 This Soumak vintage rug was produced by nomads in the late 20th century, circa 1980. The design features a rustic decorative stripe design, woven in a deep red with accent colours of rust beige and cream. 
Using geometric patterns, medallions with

--

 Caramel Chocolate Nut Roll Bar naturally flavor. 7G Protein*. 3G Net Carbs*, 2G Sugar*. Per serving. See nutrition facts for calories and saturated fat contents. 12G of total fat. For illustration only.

--

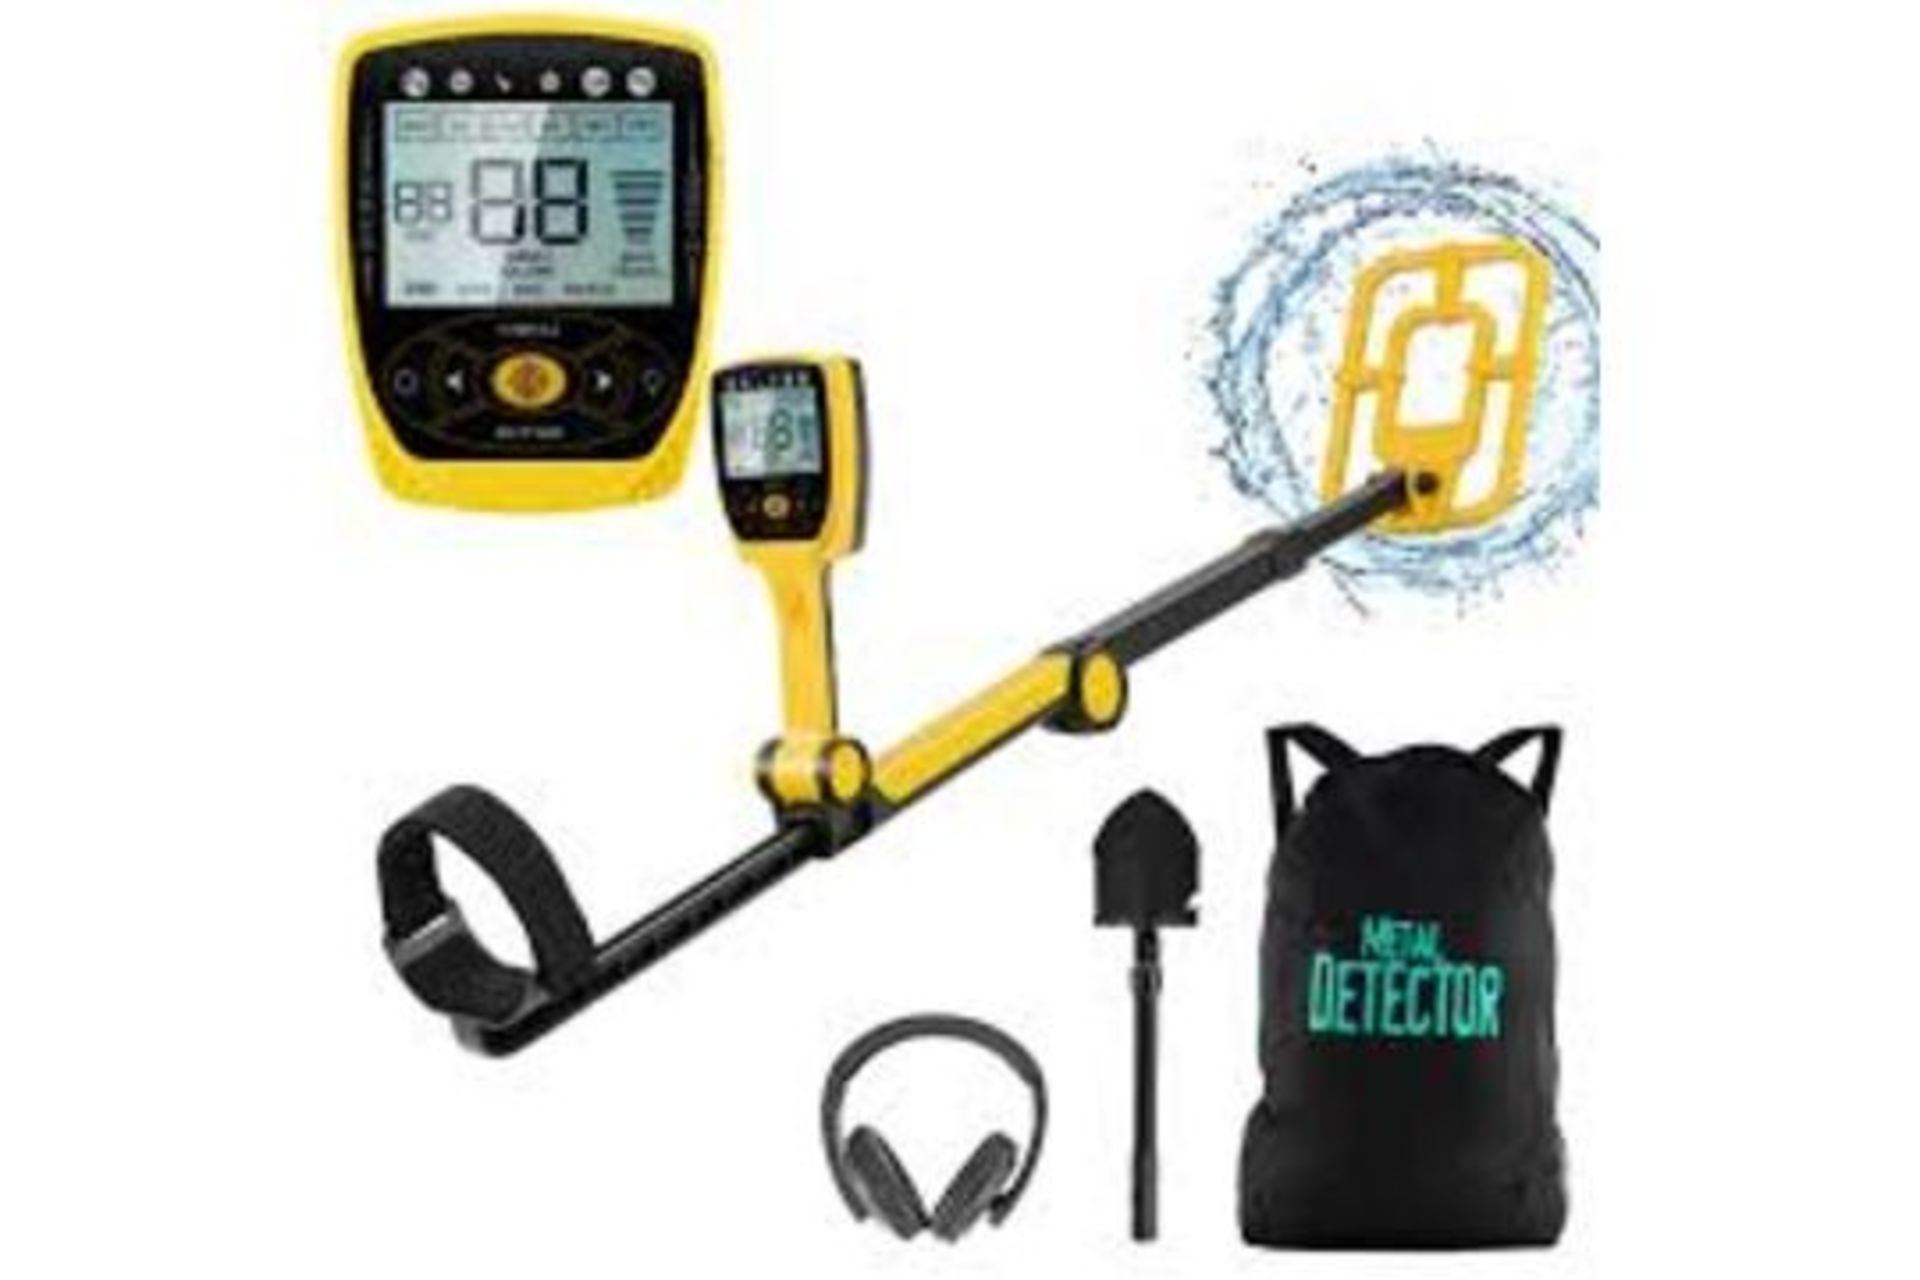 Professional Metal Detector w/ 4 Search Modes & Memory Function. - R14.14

> Aim of the task
Where a line above contains the word "with", copy that line.

> Output of the task
 This Soumak vintage rug was produced by nomads in the late 20th century, circa 1980. The design features a rustic decorative stripe design, woven in a deep red with accent colours of rust beige and cream. 
Using geometric patterns, medallions with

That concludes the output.